Anja est la tête d’affiche de l’équipage. La petit blonde aux yeux clairs et transperçant, pour laquelle 99% des hommes de la planète s’arrêteraient pour l’aider à changer une roue crevée, se transforme lorsqu’elle enfile sa combinaison jaune et noir. Aussi discrète à terre que communicante une fois perchée dans sa cabine, Anja est devenue en une édition le canari qui chante et égaye l’atmosphère. « On s’éclate dans la cabine. Tous les matins ont met l’ambiance. Les gens du départ sont heureux quand ils nous voient, on essaye de donner le sourire aux gens quand on part, on aime ça et on le doit bien aux volontaires de l’organisation qui restent des heures et des heures à donner les départs. » Marije, installée en retrait dans l’habitacle est multitâches : « je suis mécanicienne et DJ, mais je dois aussi nourrir Floor, faire un peu de cuisine ! »

La grande de la bande a acheté une paire de petites enceintes aimantées qui crachent de la « house music » hollandaise au départ.
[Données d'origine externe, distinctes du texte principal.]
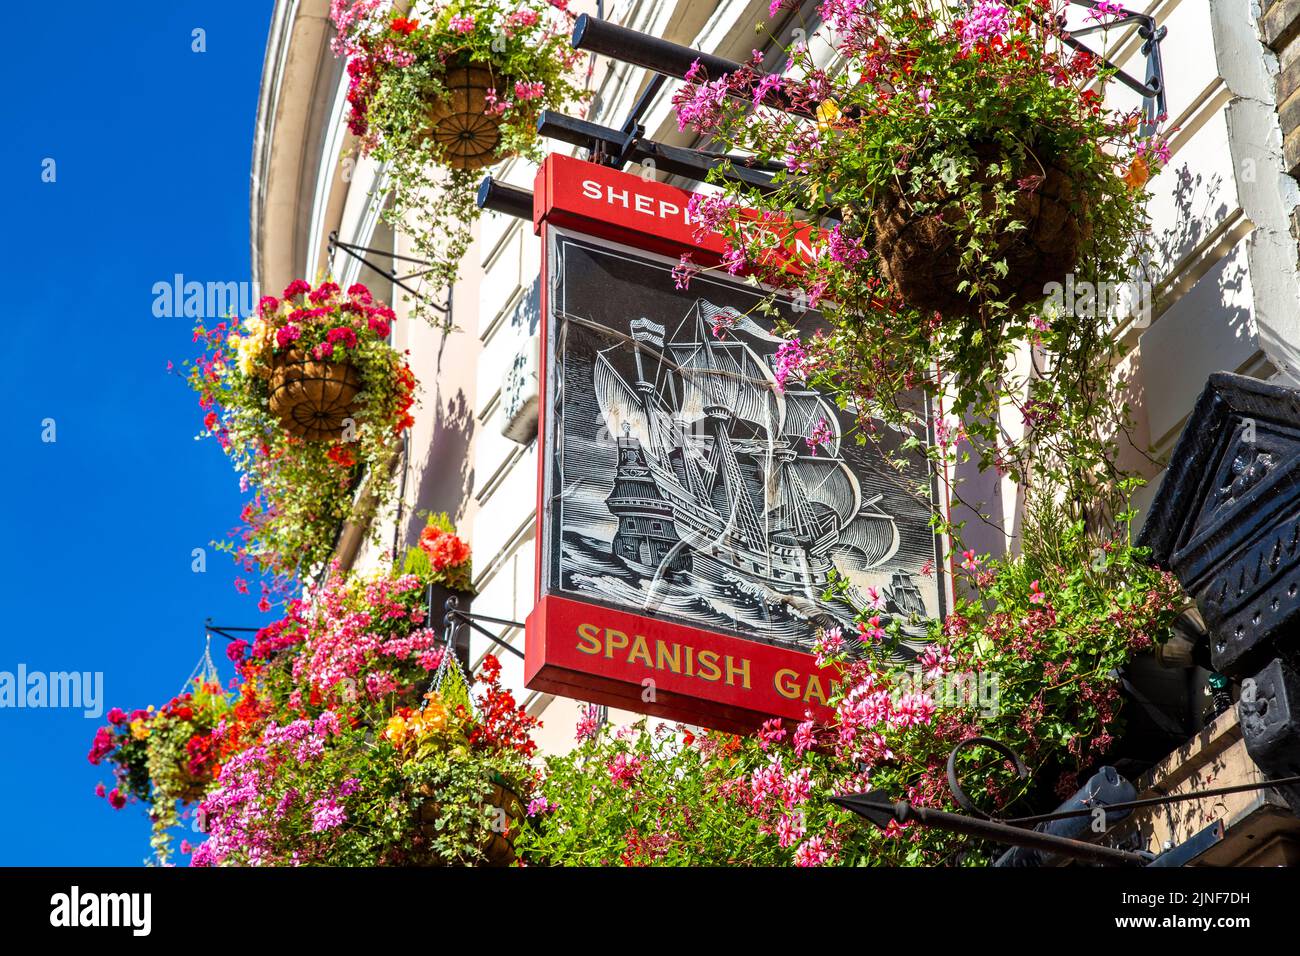 Letrero fuera del pub Galleon español, fachada decorada con flores, Greenwich, Londres, Reino Unido Foto de stock
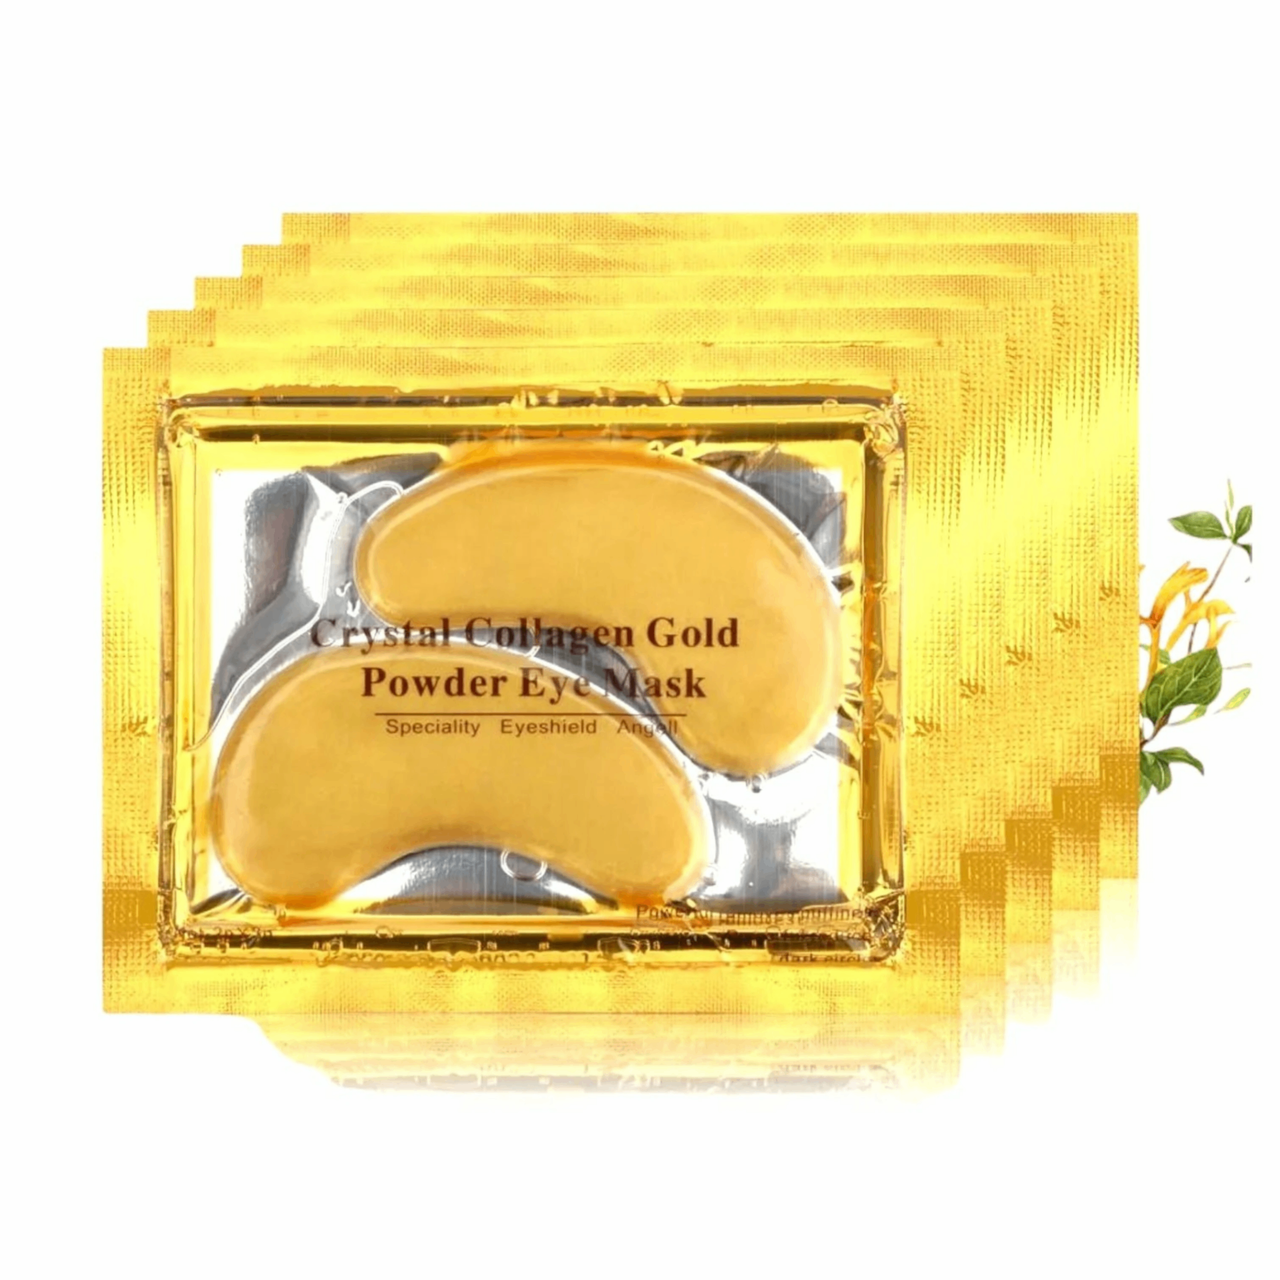 24k Crystal Collagen Gold Eye Mask package

Anja distribue des casquettes, la banane jusqu’au casque. Elles sont le sourire de cette 46e édition, mais elles s’agacent aussi que le cri de Floor lorsque leur camion s’est couché dans le sable dans une manœuvre d’évitement parfaitement exécuté par Anja ait fait le tour des réseaux sociaux. Marije ne rigole plus lorsqu’elle explique le contexte d’un des buzz de ce Dakar : « la séquence a été extraite de son contexte alors que l’on a plein de caméras embarquées qui montrent comment Anja a évité un accident à quelques centimètres près. Tout ce que l’on voit, ce sont trois femmes qui crient, que l’on croient apeurées par le crash. C’est rabaissant. »

Marije n’a pas besoin de monter dans la cabine pour prendre de la hauteur et trancher: « Rallier l’arrivée et ramener la médaille à la maison, je pense que ce sera assez historique pour trois femmes dans un camion ».